Criminals to pay for care of assaulted PCs

The Scottish government has said money from criminals will help police officers who have been assaulted.

Scottish courts have dealt with about 5,000 cases of assaults on police officers in the past two years.

In future, anyone convicted of such an assault will contribute through a restitution order.

Money raised would go the Police Benevolent Fund and the Scottish facility run by the charity Police Treatment Centres.

The proposal, which has been put forward by Justice Secretary Kenny MacAskill, will be part of the forthcoming Victims and Witnesses Bill.

Mr MacAskill is to give details of the plan during a visit to Castlebrae Police Treatment Centre in Perthshire.

Speaking ahead of the visit, Mr MacAskill told BBC Radio's Good Morning Scotland programme the bill was intended to give sheriffs more powers and discretion over sentencing than they do at present.

'More discretion'

He said the bill would also include the possibility of a surcharge being levied so that those who have suffered from crime can get some recompense from those who have perpetrated it.

This would include, for example, compensation going to charities who held the victims of crime.

Mr MacAskill added: "At the present moment they (sheriffs) don't have the opportunity for a restitution order to go to, for example, the Police Benevolent Fund or to the treatment centre.

"So what we are looking to do is to give sheriffs and the judiciary more discretion, and I think this would replace a fine. It certainly wouldn't impede the position where somebody should go straight to jail because of the nature of the assault."

Mr MasAskill said he would be "happy" to look at the possibility of other emergency services, such as ambulance staff, firefighters and nurses, being covered by the legislation.

But he pointed out there was already a specific offence in Scots law of assaulting a police officer.
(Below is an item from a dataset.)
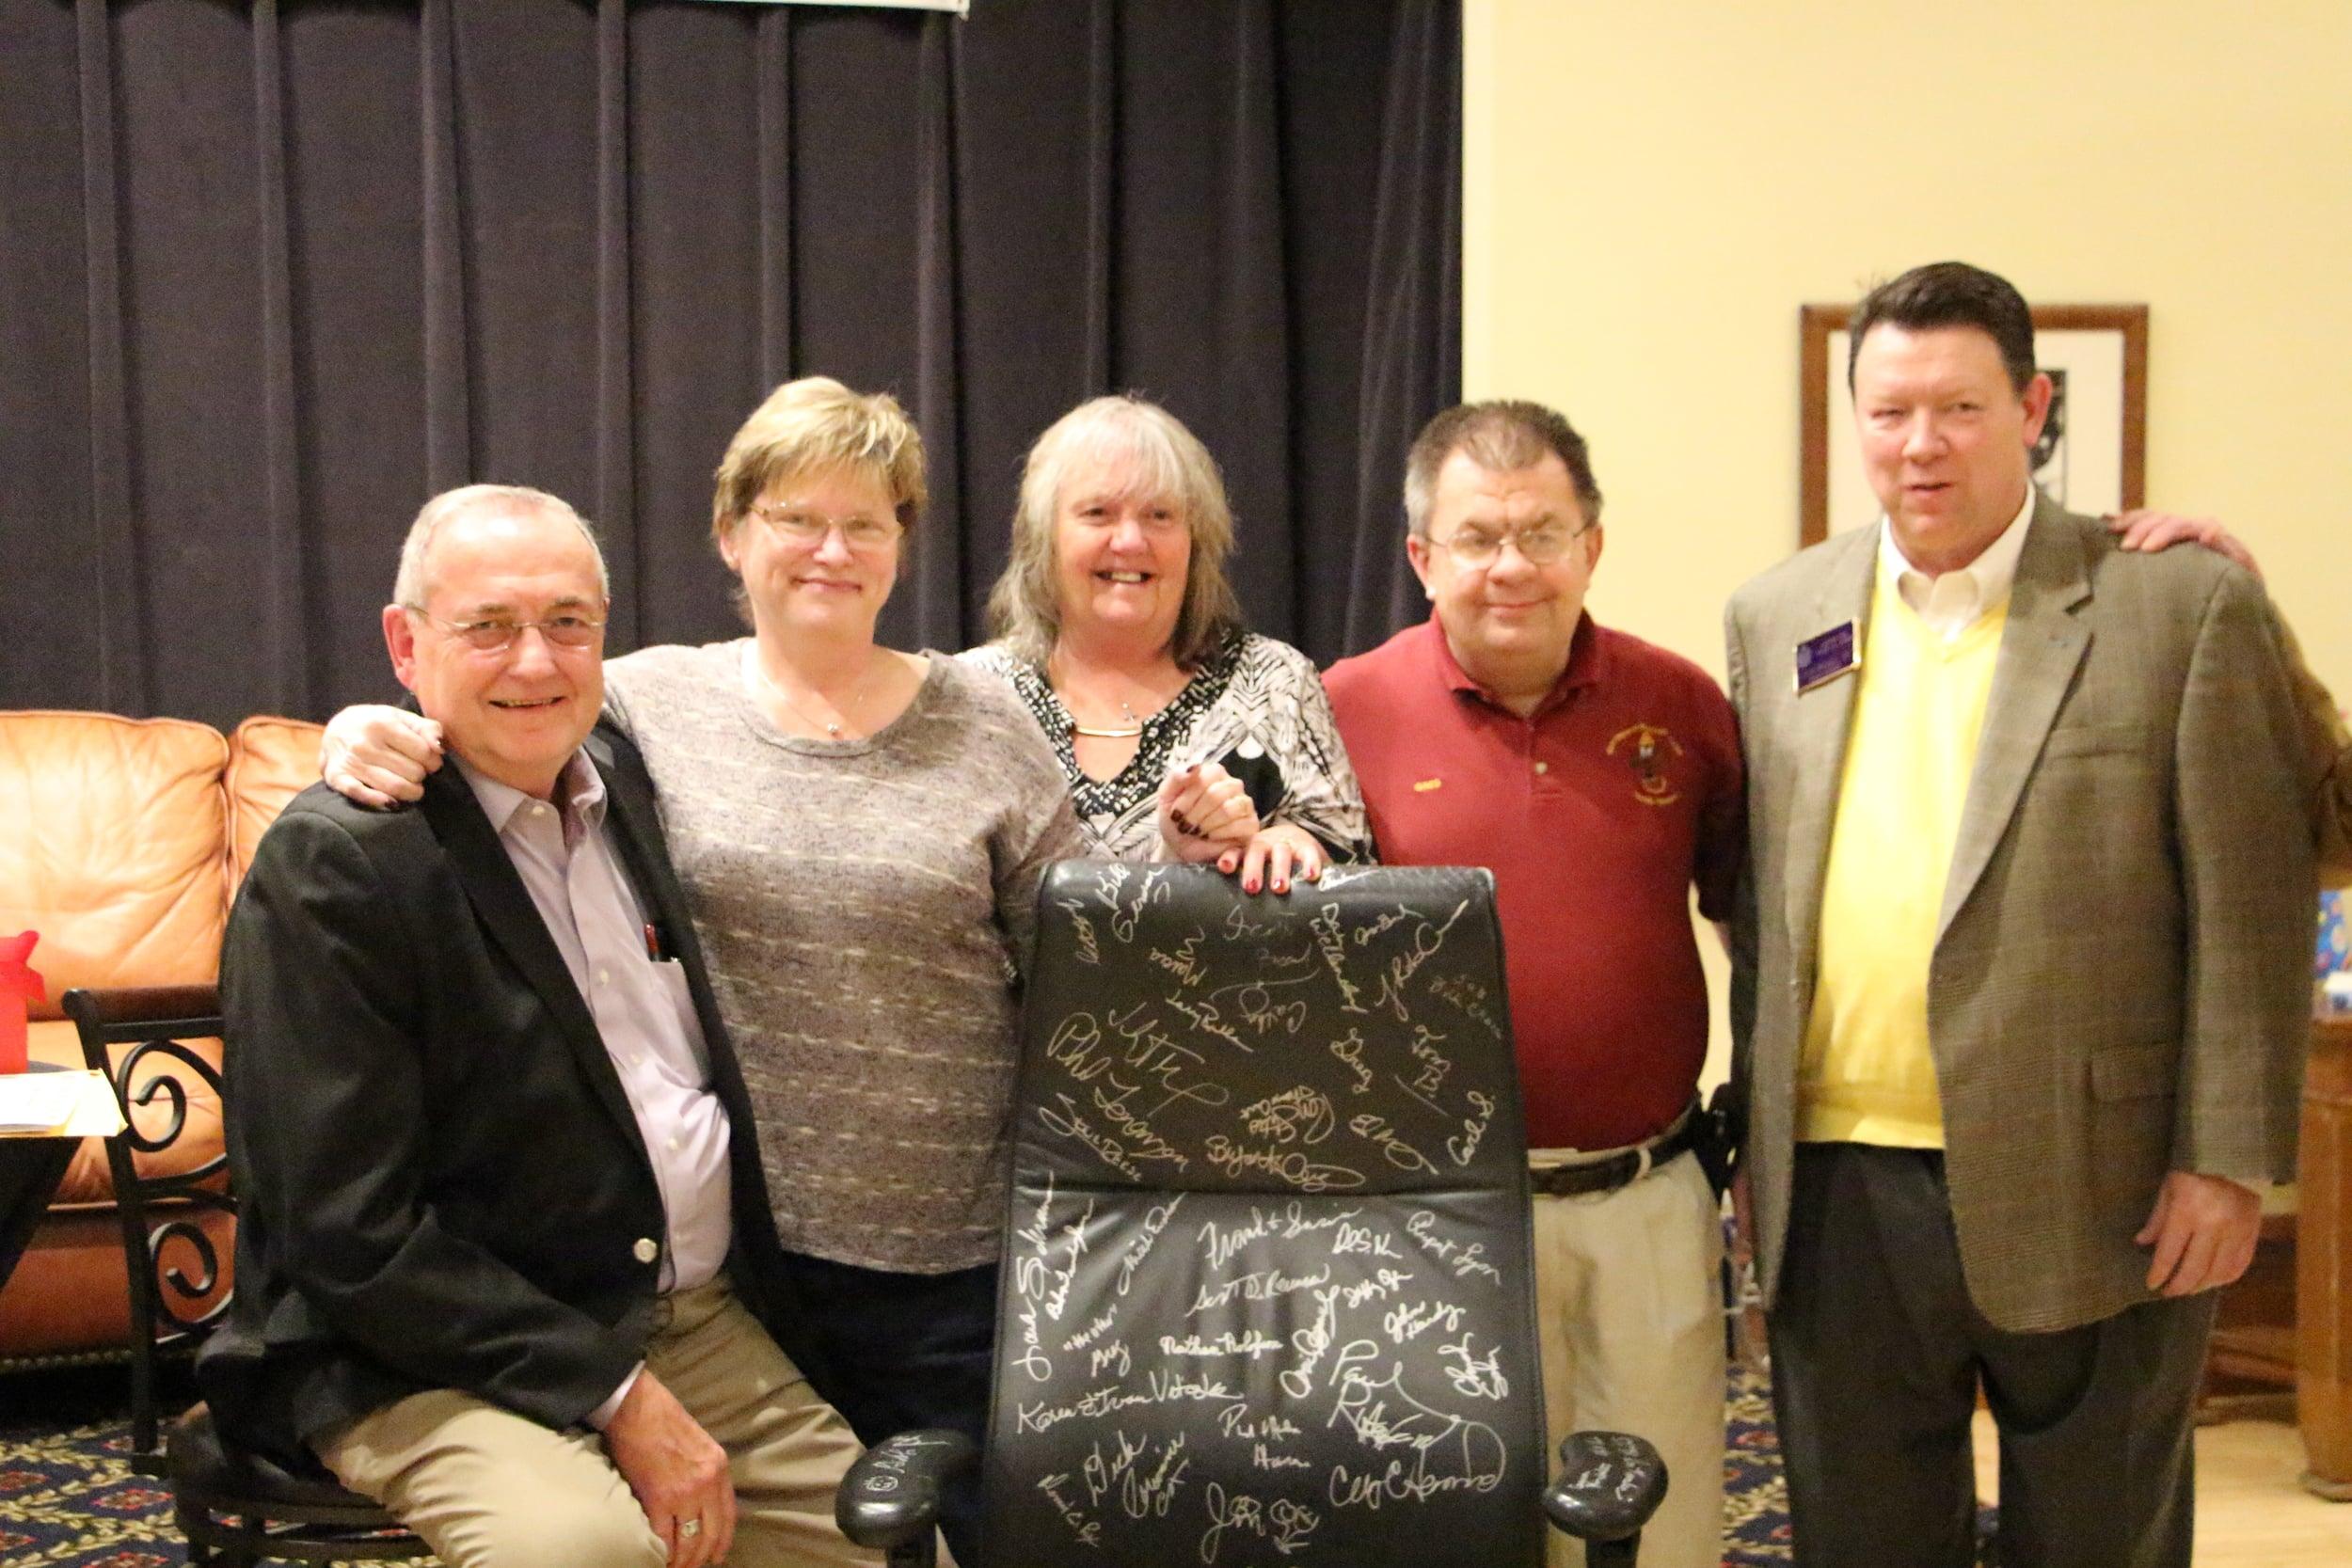 Curt, Cathy, Marcia, Greg, and John

He said: "We do have police officers who face matters that none of the rest of us, in the main, in the course of our duties have to put up with, and we do have the Police Benevolent Fund and the treatment centre, so this is about bringing matters together."

Calum Steele, general secretary of the Scottish Police Federation, welcomed Mr MacAskill's proposals.

He said: "The SPF is delighted the commitment and often selfless bravery of our police officers to ensure the safety of others is being recognised through this excellent initiative.

"We believe this is the first time this approach has been tried anywhere in the world, which demonstrates the continued value the Scottish government places on its police service.

"Scotland's communities continue to enjoy record police numbers and record low crime. This initiative will help injured officers return to work and to their communities more quickly and will help to ensure the delivery of a world class police service to the people of Scotland".